■ PROBLEM TO WORK ON ■
In this exercise, return the whole listing exactly, excluding any images.

■ COLLECTED DATA ■
# # # #

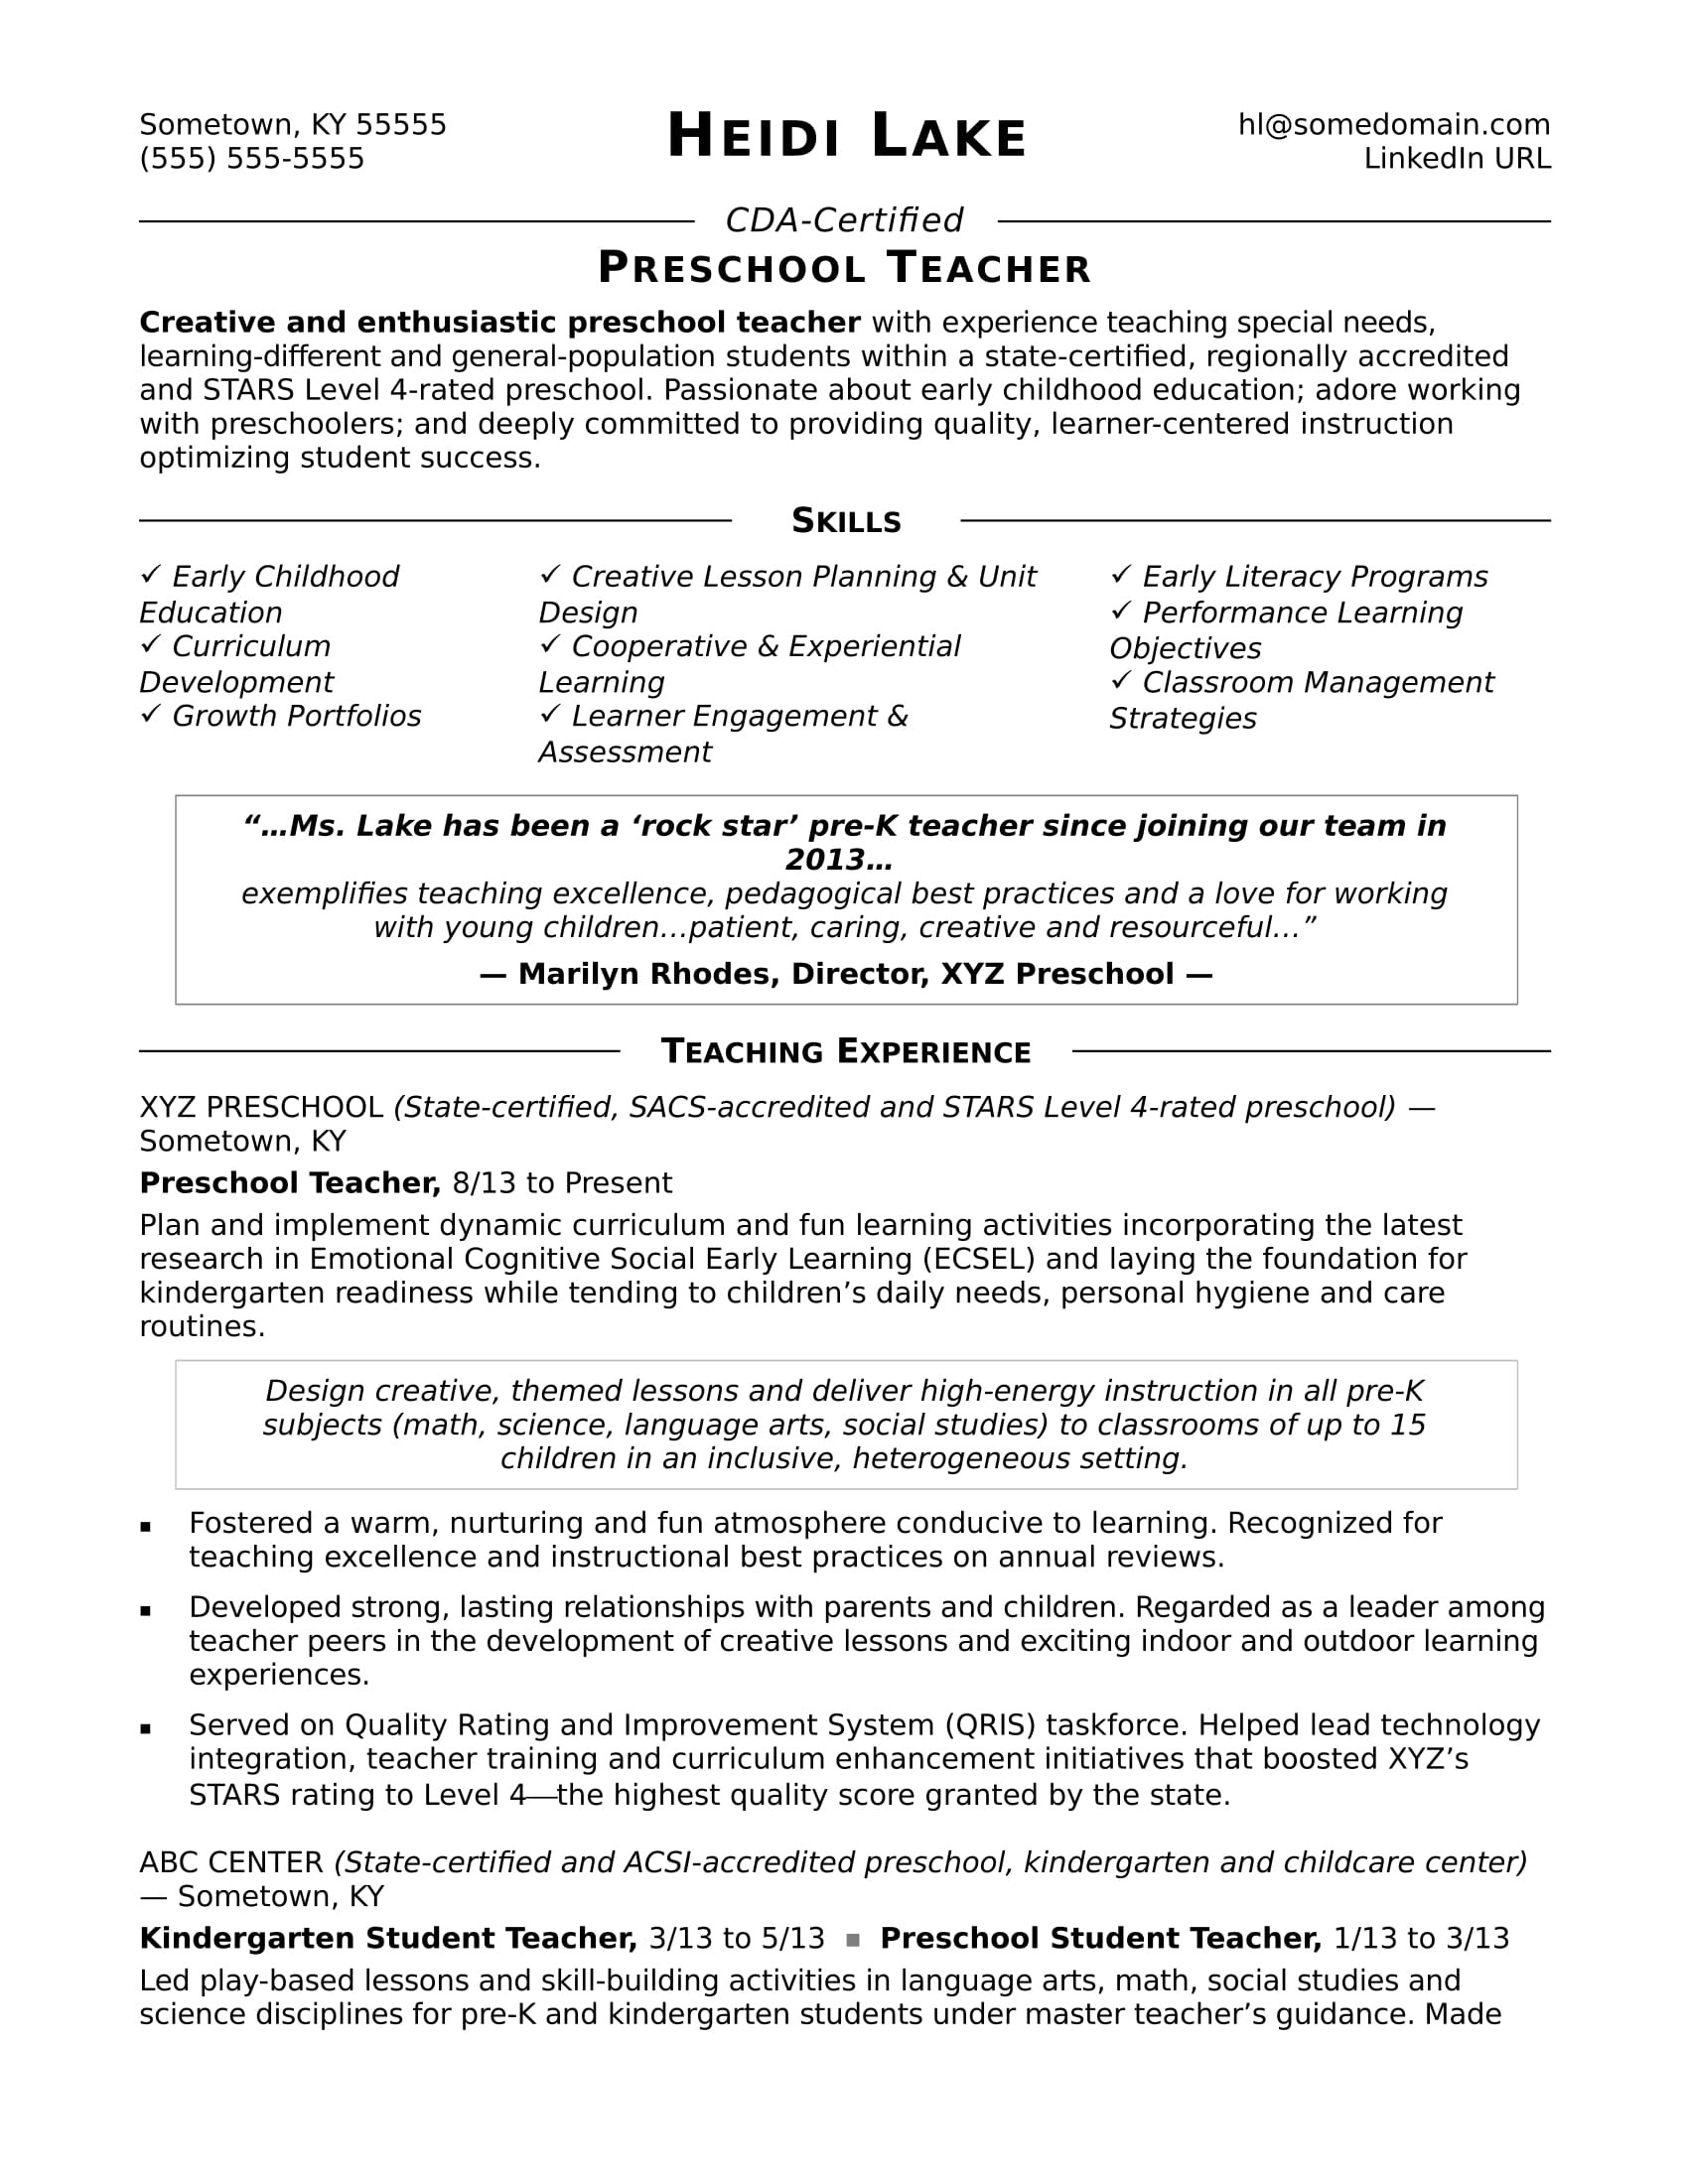 Resume Samples for Daycare Teacher assistant Preschool Teacher Resume Sample Monster.com
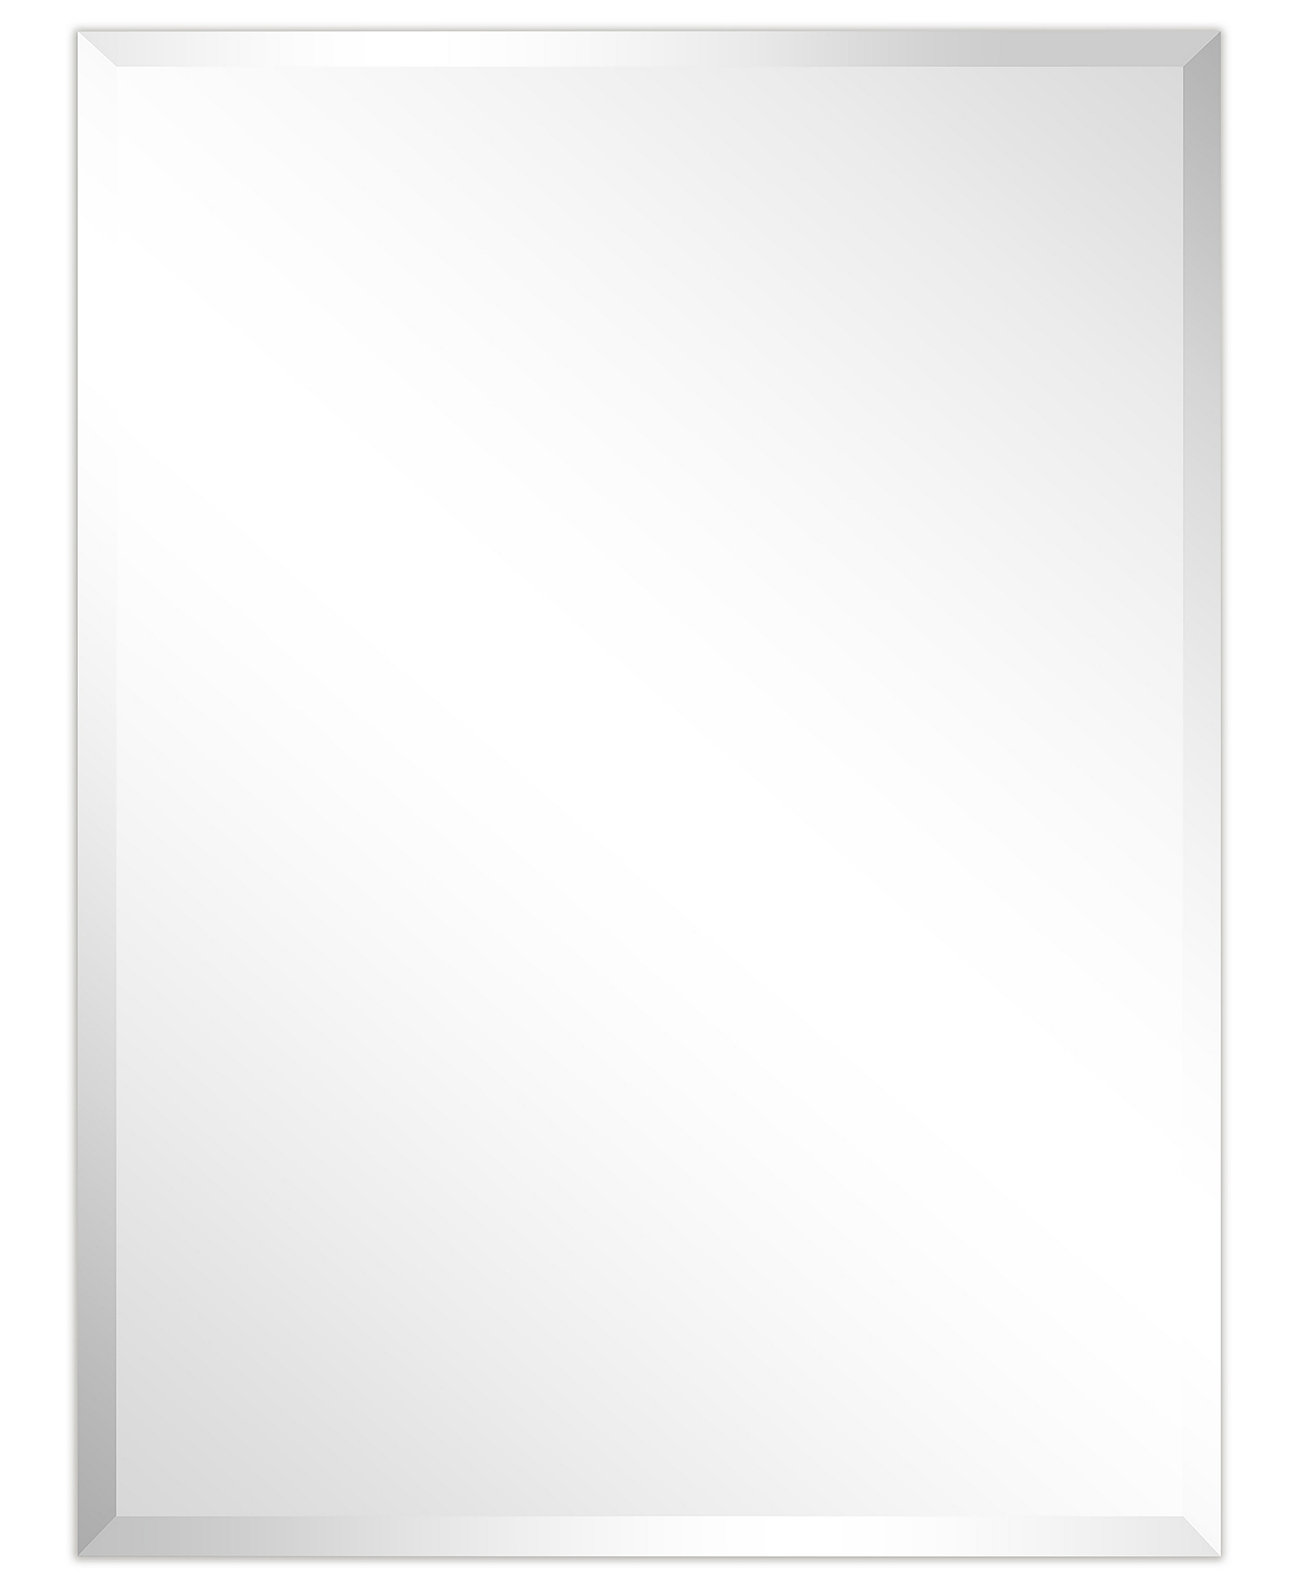 Безрамные зеркальные панели со скошенной призмой — 30 x 40 дюймов Empire Art Direct
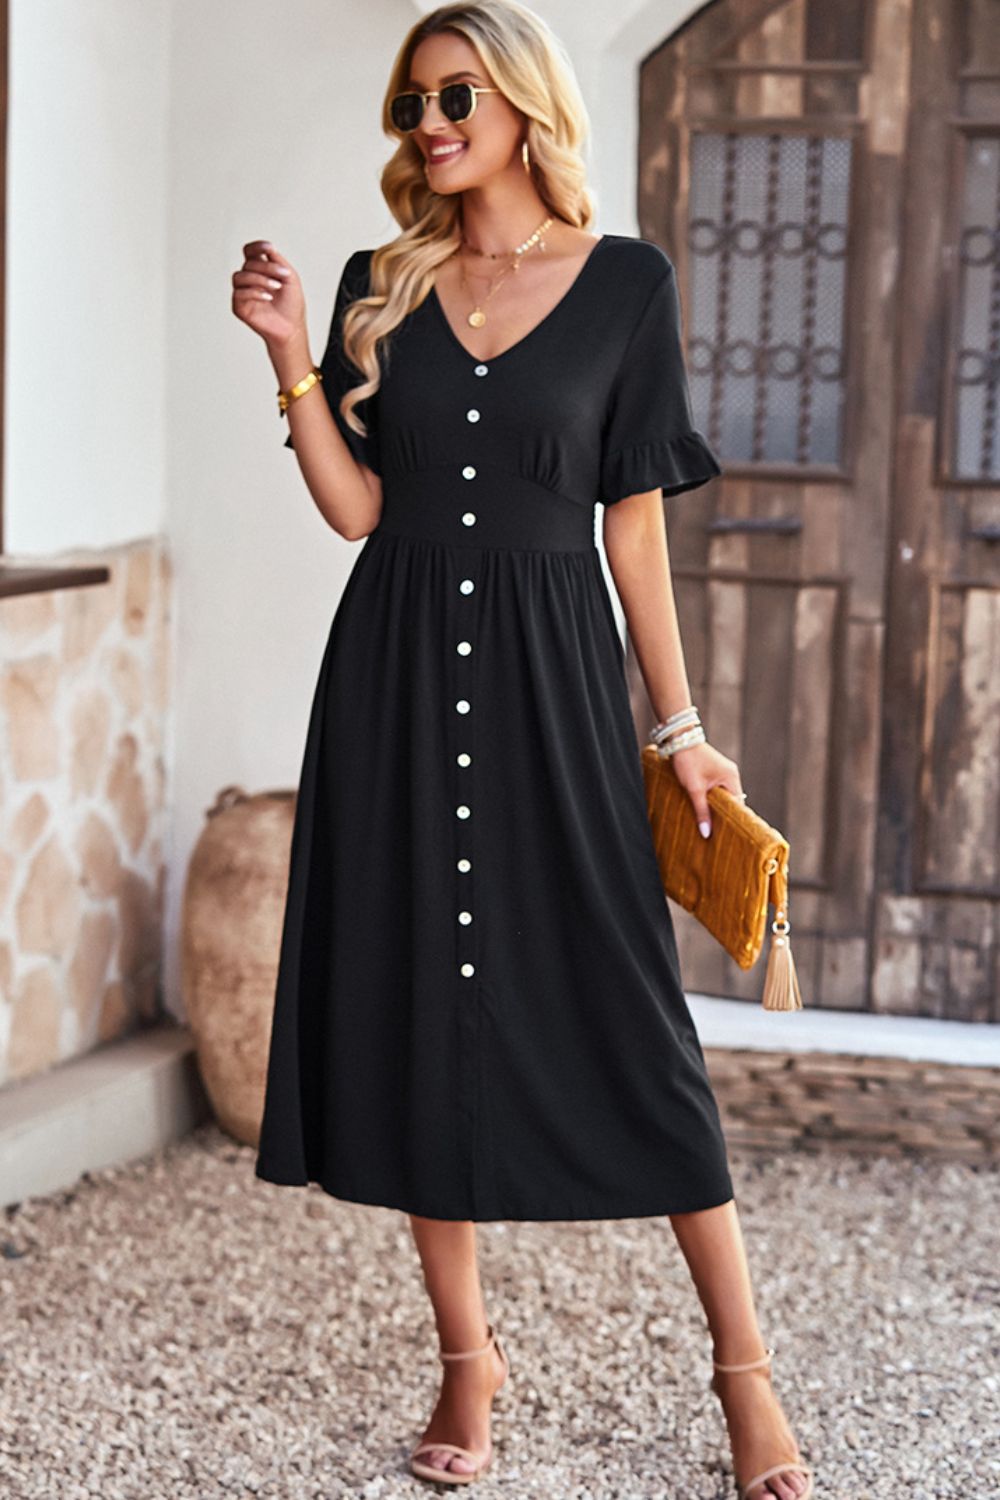 BLACK Gathered Detail Buttoned V-Neck Midi Dress - 4 colors - Women's Midi Dresses at TFC&H Co.

# # # #

■ WRITTEN SOLUTION ■
 Resume Samples for Daycare Teacher assistant Preschool Teacher Resume Sample Monster.com
 Безрамные зеркальные панели со скошенной призмой — 30 x 40 дюймов Empire Art Direct
 BLACK Gathered Detail Buttoned V-Neck Midi Dress - 4 colors - Women's Midi Dresses at TFC&H Co.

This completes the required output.